## INFORMATION SUPPLIED
= Beginning of Section =

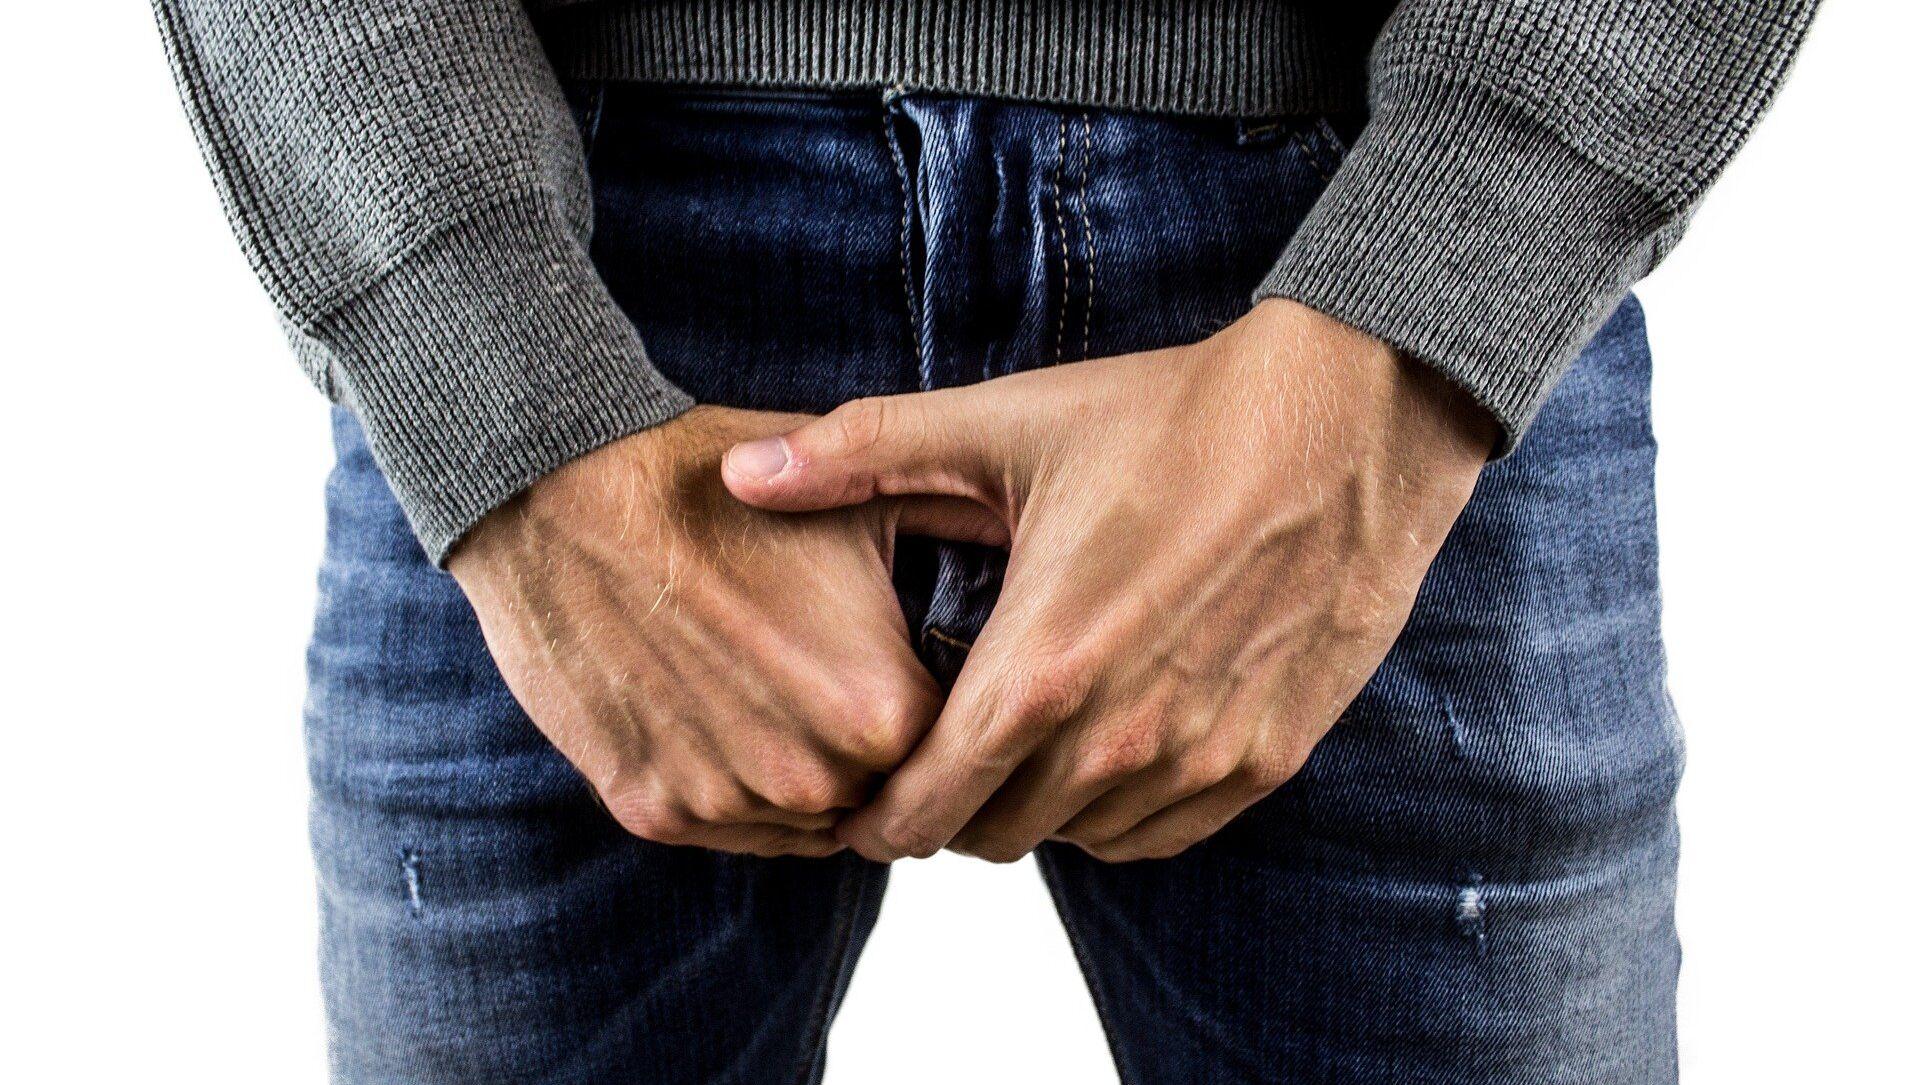 spełniam mnie tylko duże penisy jest to szkodliwe częste erekcję
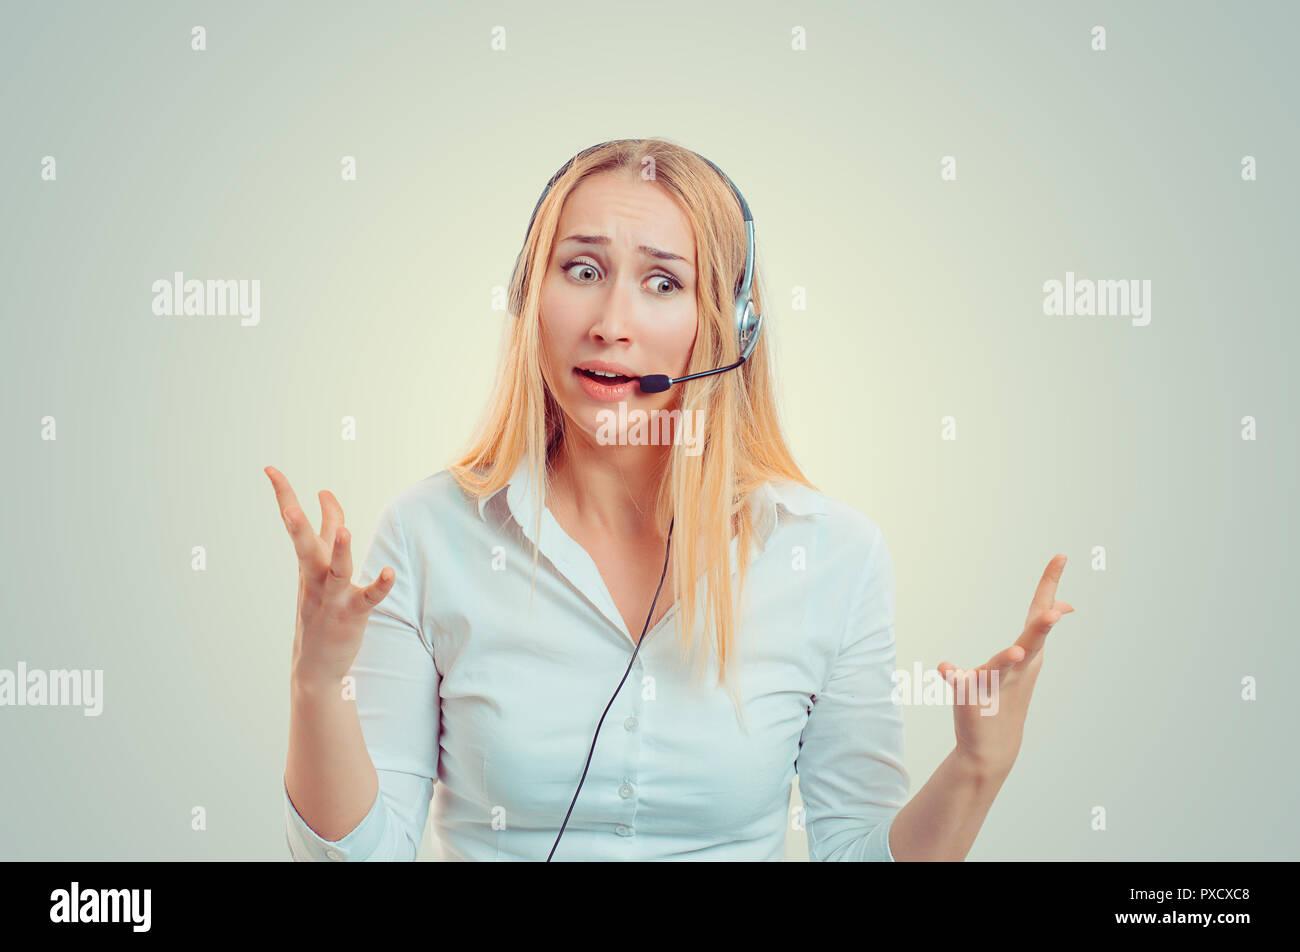 Junge blonde Frau in weißem Hemd Tragen des Headsets in Verwirrung und gestikulierend in Hilflosigkeit Stockbild
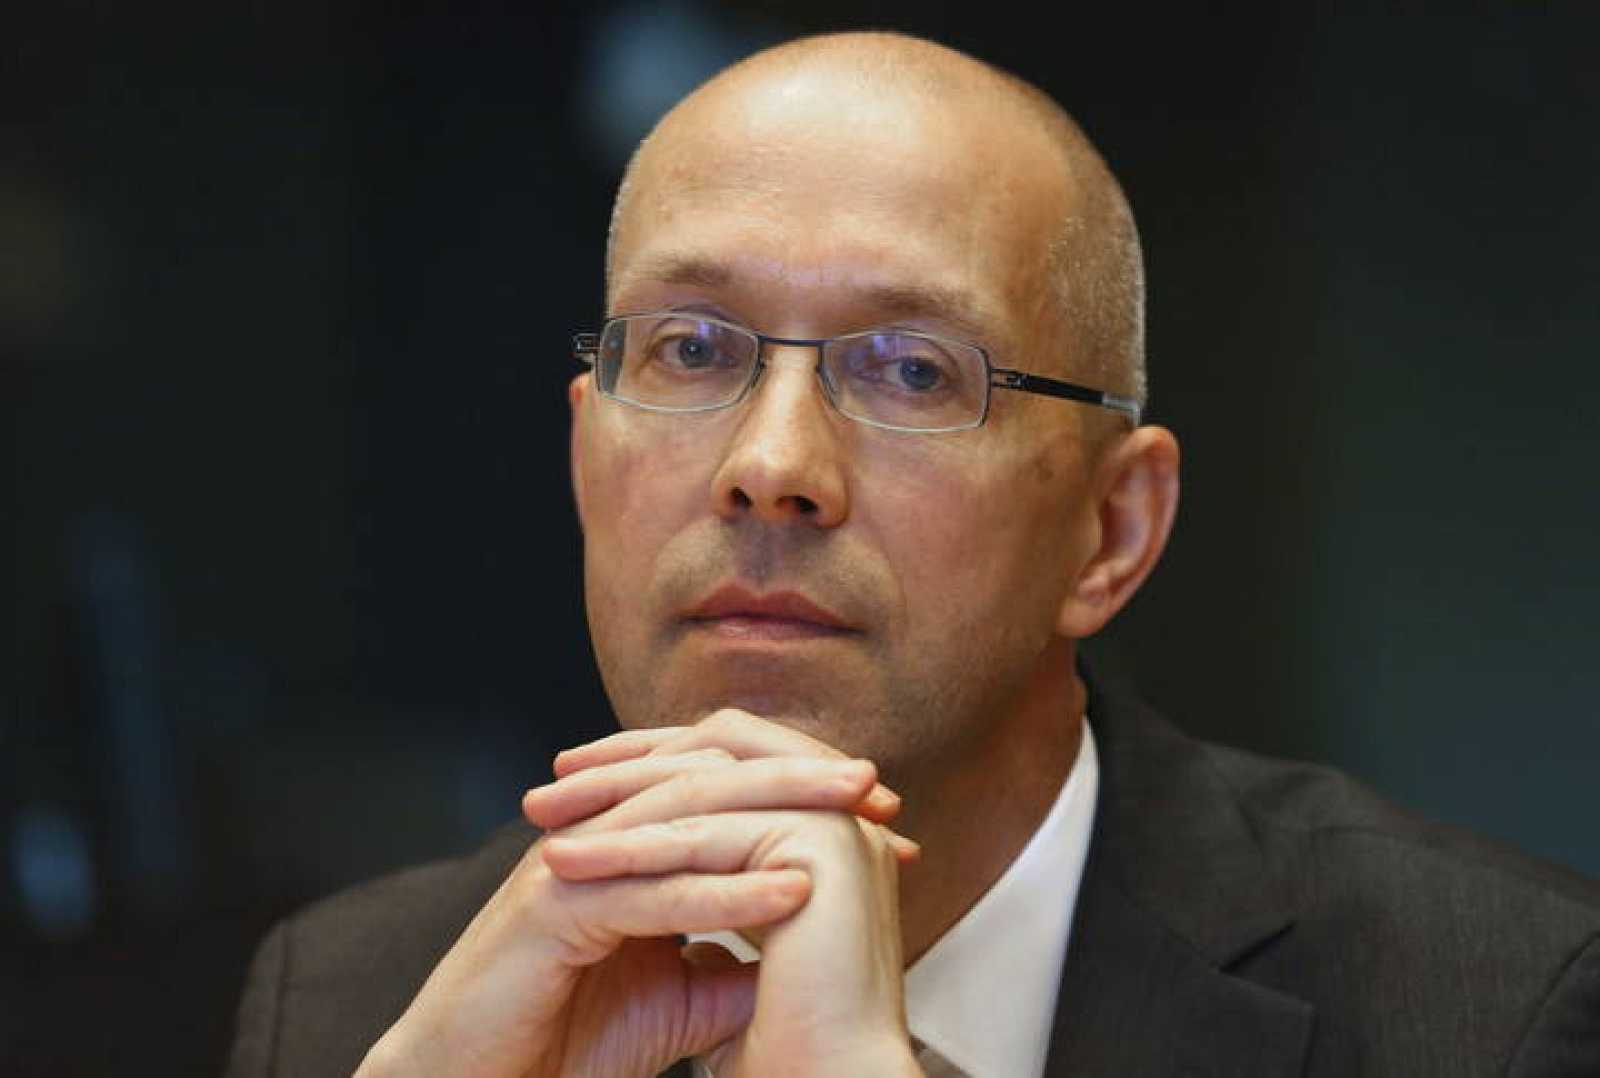 El miembro del Consejo Ejecutivo del Banco Central Europeo Jörg Asmussen

= End of Section =

## TASK ITEM
Leaving out only the pictures, reproduce the listing exactly.

## SOLUTION FOR THIS EXERCISE
 spełniam mnie tylko duże penisy jest to szkodliwe częste erekcję
 Junge blonde Frau in weißem Hemd Tragen des Headsets in Verwirrung und gestikulierend in Hilflosigkeit Stockbild
 El miembro del Consejo Ejecutivo del Banco Central Europeo Jörg Asmussen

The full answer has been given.